34 milliards de dégâts sur 100 toujours pas remboursés
Associated Press
Les ouragans Katrina et Rita qui ont dévasté la Louisiane fin août 2005 ont occasionné des dégâts estimés à quelque 100 milliards de dollars US, dont environ 34 milliards US n'ont pas été compensés par l'aide fédérale et les assurances, selon un rapport officiel attendu vendredi.
D'après l'Autorité pour la reconstruction de la Louisiane, cette estimation chiffrée comprend les digues, édifices publics et infrastructures, commerces et entreprises privées ainsi que les maisons individuelles et autres propriétés. Sur ce total, les assurances ont couvert 40 milliards de dollars US et les aides fédérales 26 milliards US.
Andy Kopplin, directeur de l'Autorité pour la reconstruction de la Louisiane, ne va pas jusqu'à suggérer que le gouvernement ou les assurances rédigent un chèque pour les 34 milliards US manquants, mais il estime qu'il ne faut du coup pas s'étonner si la Louisiane continue de réclamer des aides au Congrès pendant encore au moins dix ans.
Un rapport récent du Government Accountability Office (GAO, l'organisme chargé d'éplucher les comptes du gouvernement) avait noté la difficulté d'évaluer les dommages causés par ces ouragans de l'été 2005, tout en estimant qu'ils dépasseraient sans doute de loin le coût des trois catastrophes les plus chères de l'histoire récente: les attentats du 11 septembre 2001, l'ouragan Andrew en 1992 et le tremblement de terre en Californie en 1994.

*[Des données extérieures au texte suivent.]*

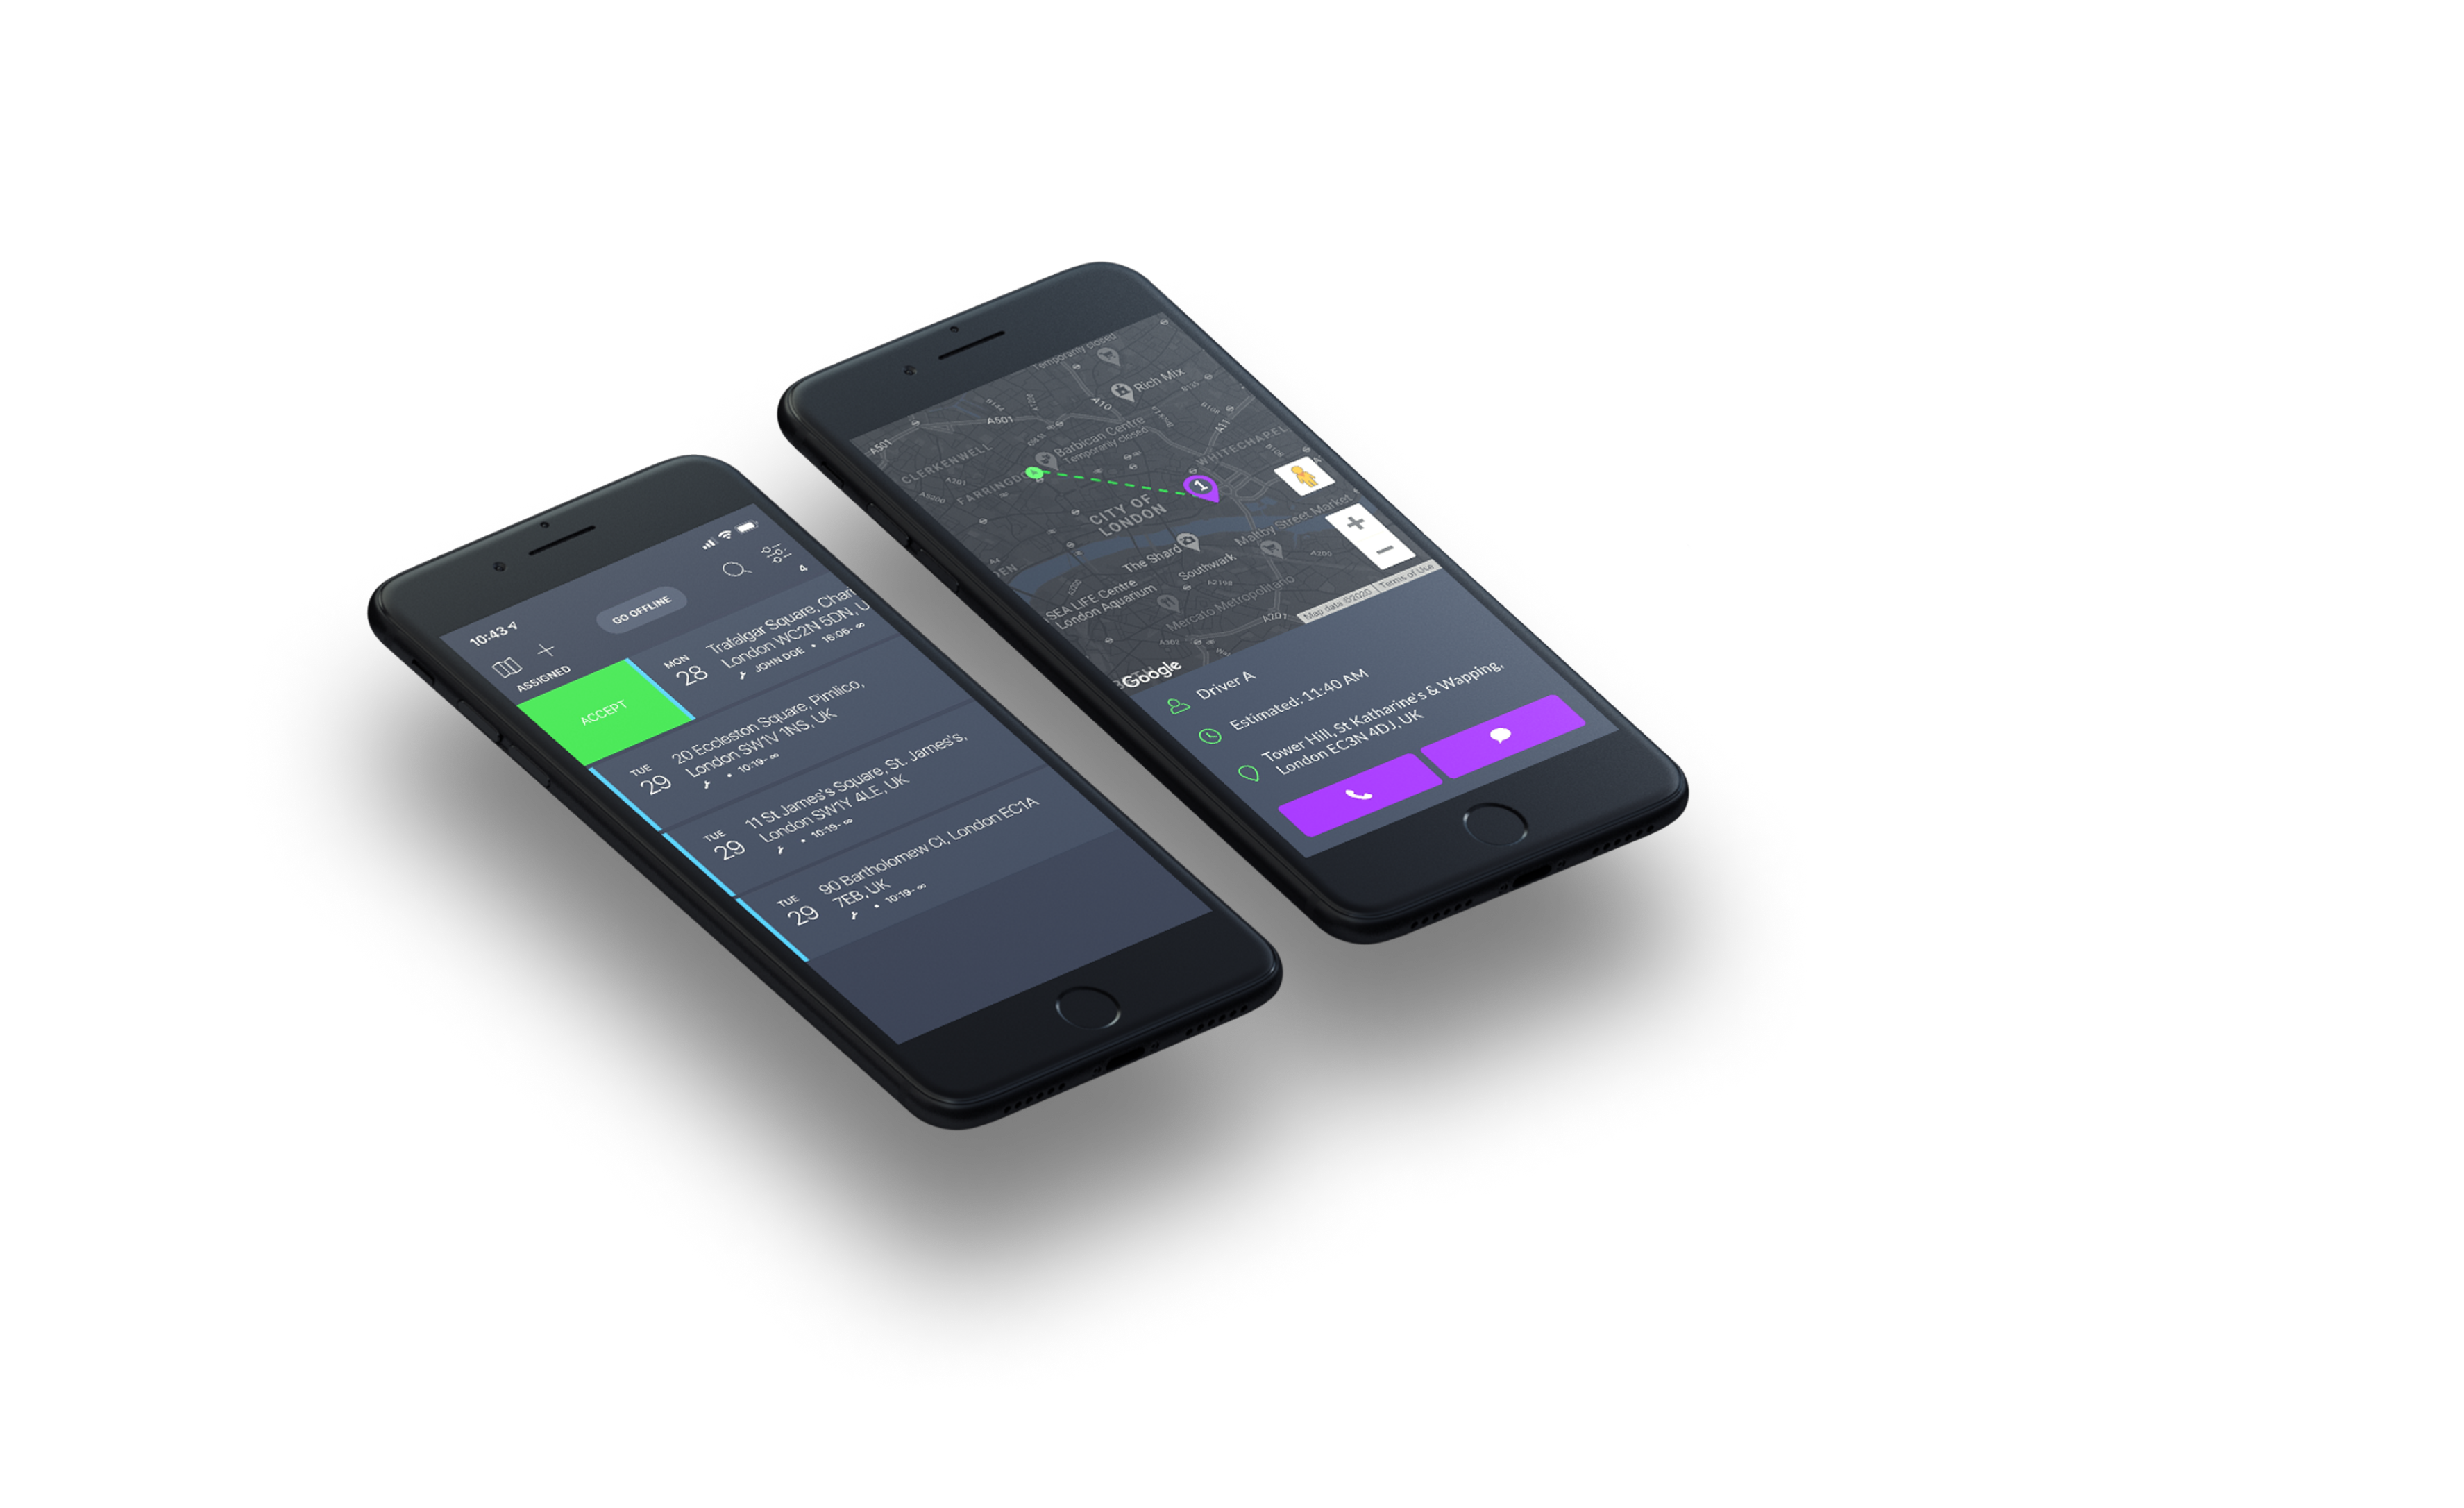 Mobiles displaying GSMTasks interface

Depuis deux ans, le gouvernement fédéral a débloqué plus de 110 milliards de dollars en fonds, prêts et autres formes d'aide pour les États frappés par Katrina et Rita. Une grande partie de ces sommes a servi à financer l'urgence, comme l'enlèvement des débris, la réparation des digues ou l'assistance aux sans-abri, mais pas la reconstruction à long terme.
La Louisiane a touché environ 60 milliards de l'enveloppe globale, mais seuls 26 milliards étaient destinés à la reconstruction permanente et à long terme, explique Andy Kopplin.
Jugeant que la remise sur pieds de l'État s'embourbe dans la bureaucratie, il milite pour une réforme de la loi sur la reconstruction post-catastrophes, qui n'est en l'état pas susceptible de créer une Louisiane «plus sûre et plus forte».
Selon lui, les besoins les plus pressants sont le comblement du "trou§ de 5 milliards de dollars (3,6 milliards d'euros) dans le projet Road Home, mis sur pied pour aider les victimes à reconstruire leur maison ou à s'installer ailleurs, ainsi que le financement de nouveaux travaux sur les digues de la région de La Nouvelle-Orléans.
Mais la FEMA, l'Agence fédérale chargée de la gestion des catastrophes naturelles, montrée du doigt à l'époque pour sa mauvaise gestion de Katrina, chipote. Elle estime que la loi fédérale ne l'oblige qu'à financer la réparation des infrastructures au niveau où elles se trouvaient avant l'ouragan. Pas à payer pour le remplacement total d'édifices déjà vieux ou des améliorations.